# [Directions for this task]
Scan the records below for the line with "Omvivo | Latis" and the line with "Chanel Балетки натуральная кожа", and retype that range exactly, both ends included, pictures excepted.
** Provided records follows **
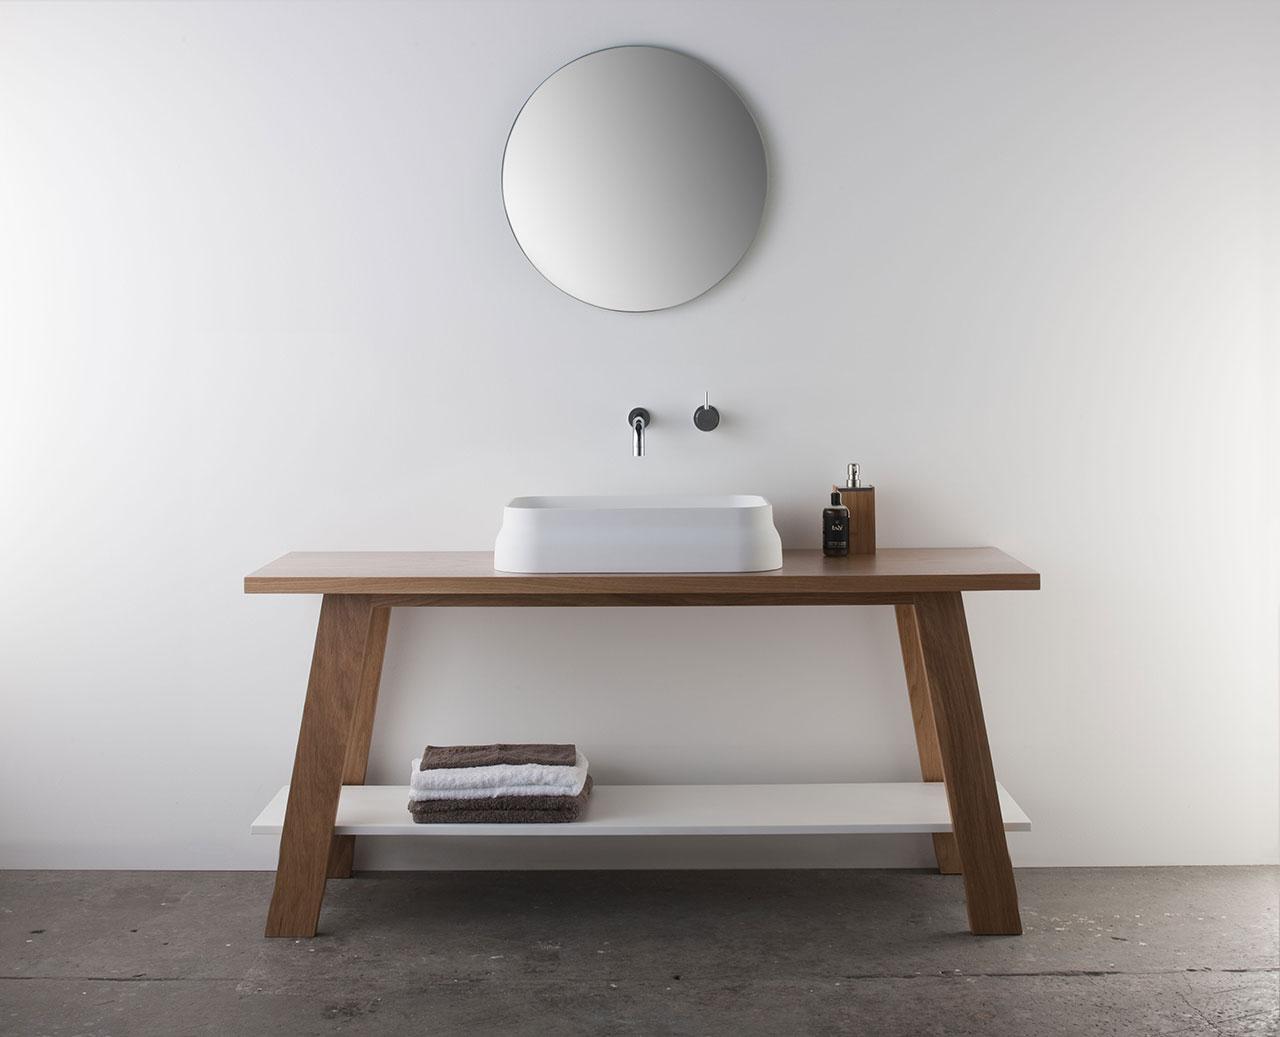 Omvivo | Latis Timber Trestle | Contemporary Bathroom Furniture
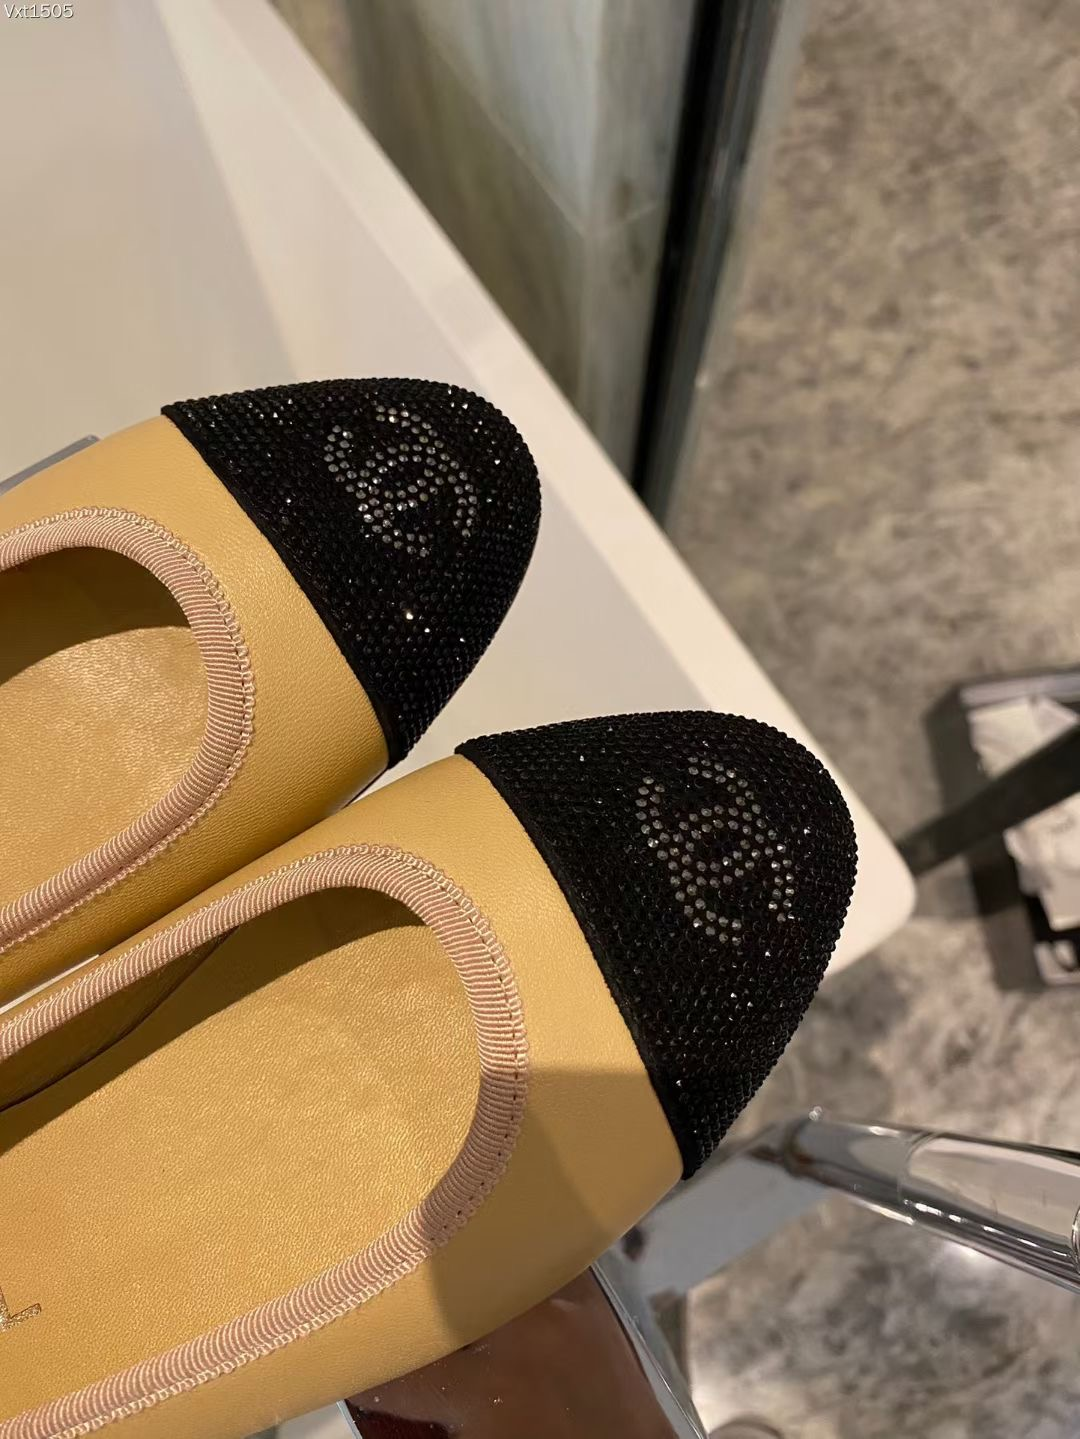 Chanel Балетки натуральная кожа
** End of Provided records **
** Provided records follows **
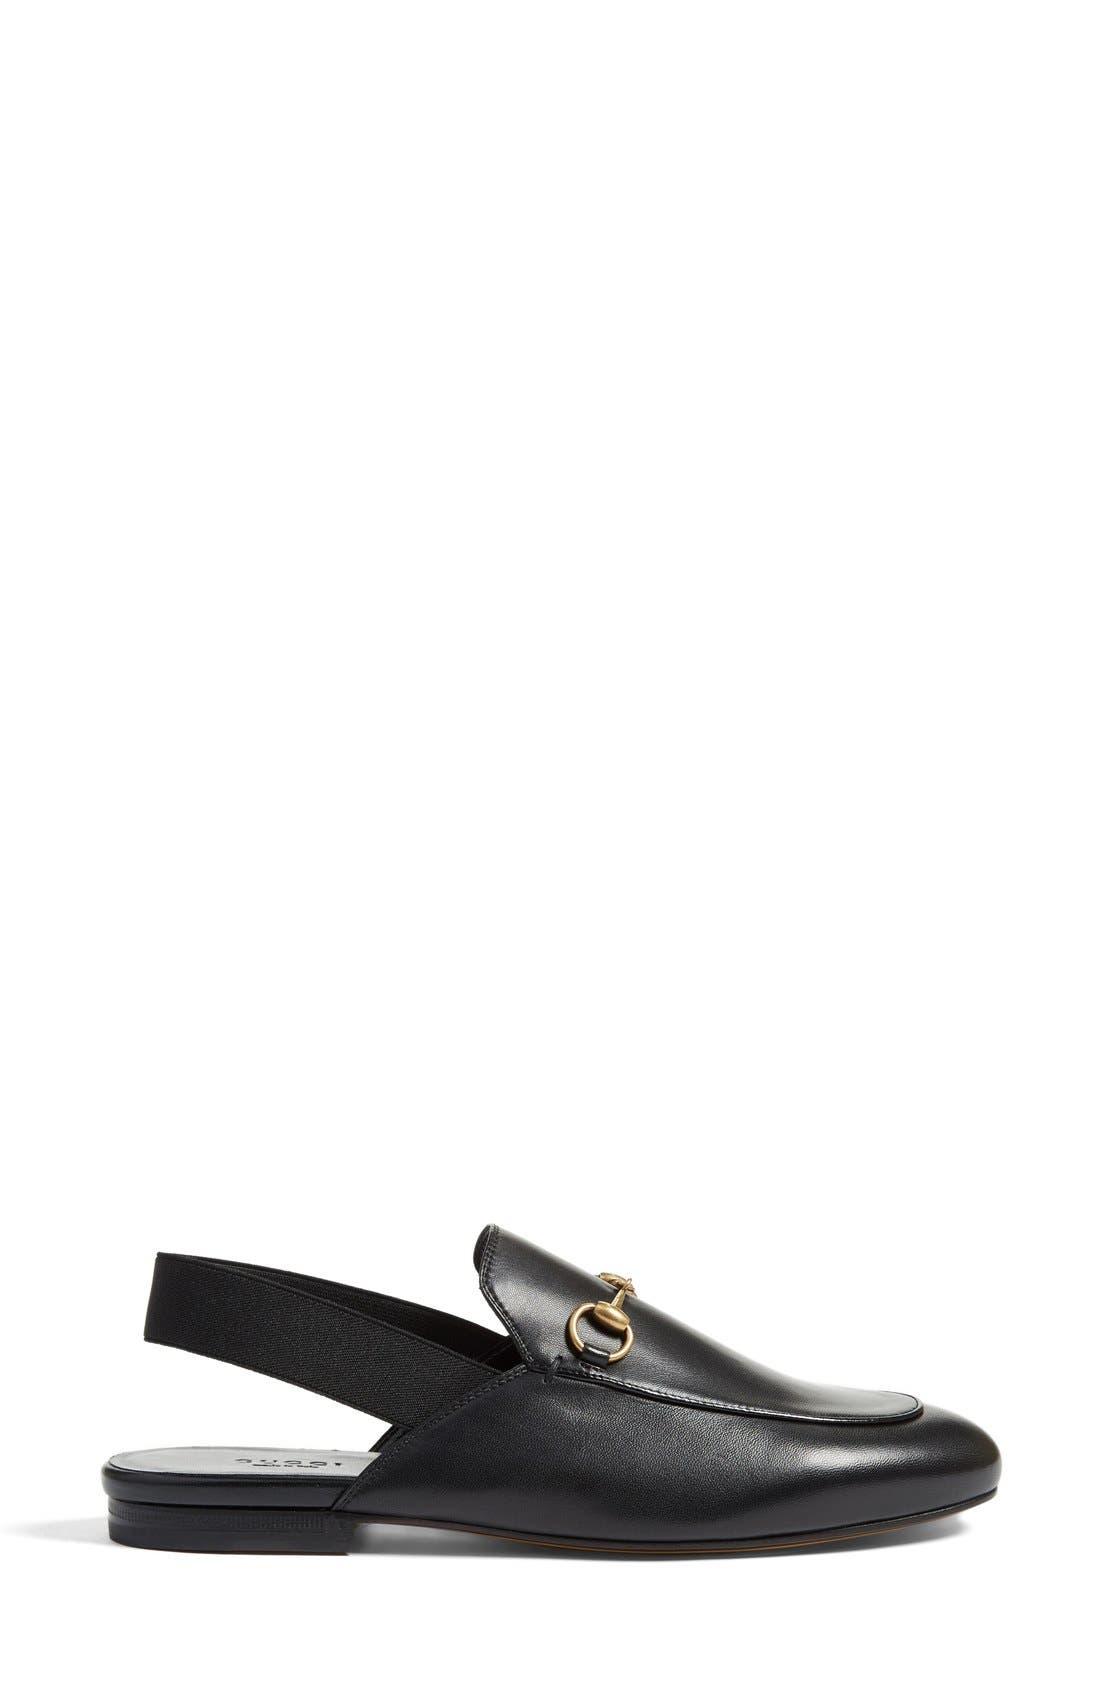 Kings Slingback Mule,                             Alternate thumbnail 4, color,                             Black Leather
** End of Provided records **
# [Solution to the problem]
 Omvivo | Latis Timber Trestle | Contemporary Bathroom Furniture
 Chanel Балетки натуральная кожа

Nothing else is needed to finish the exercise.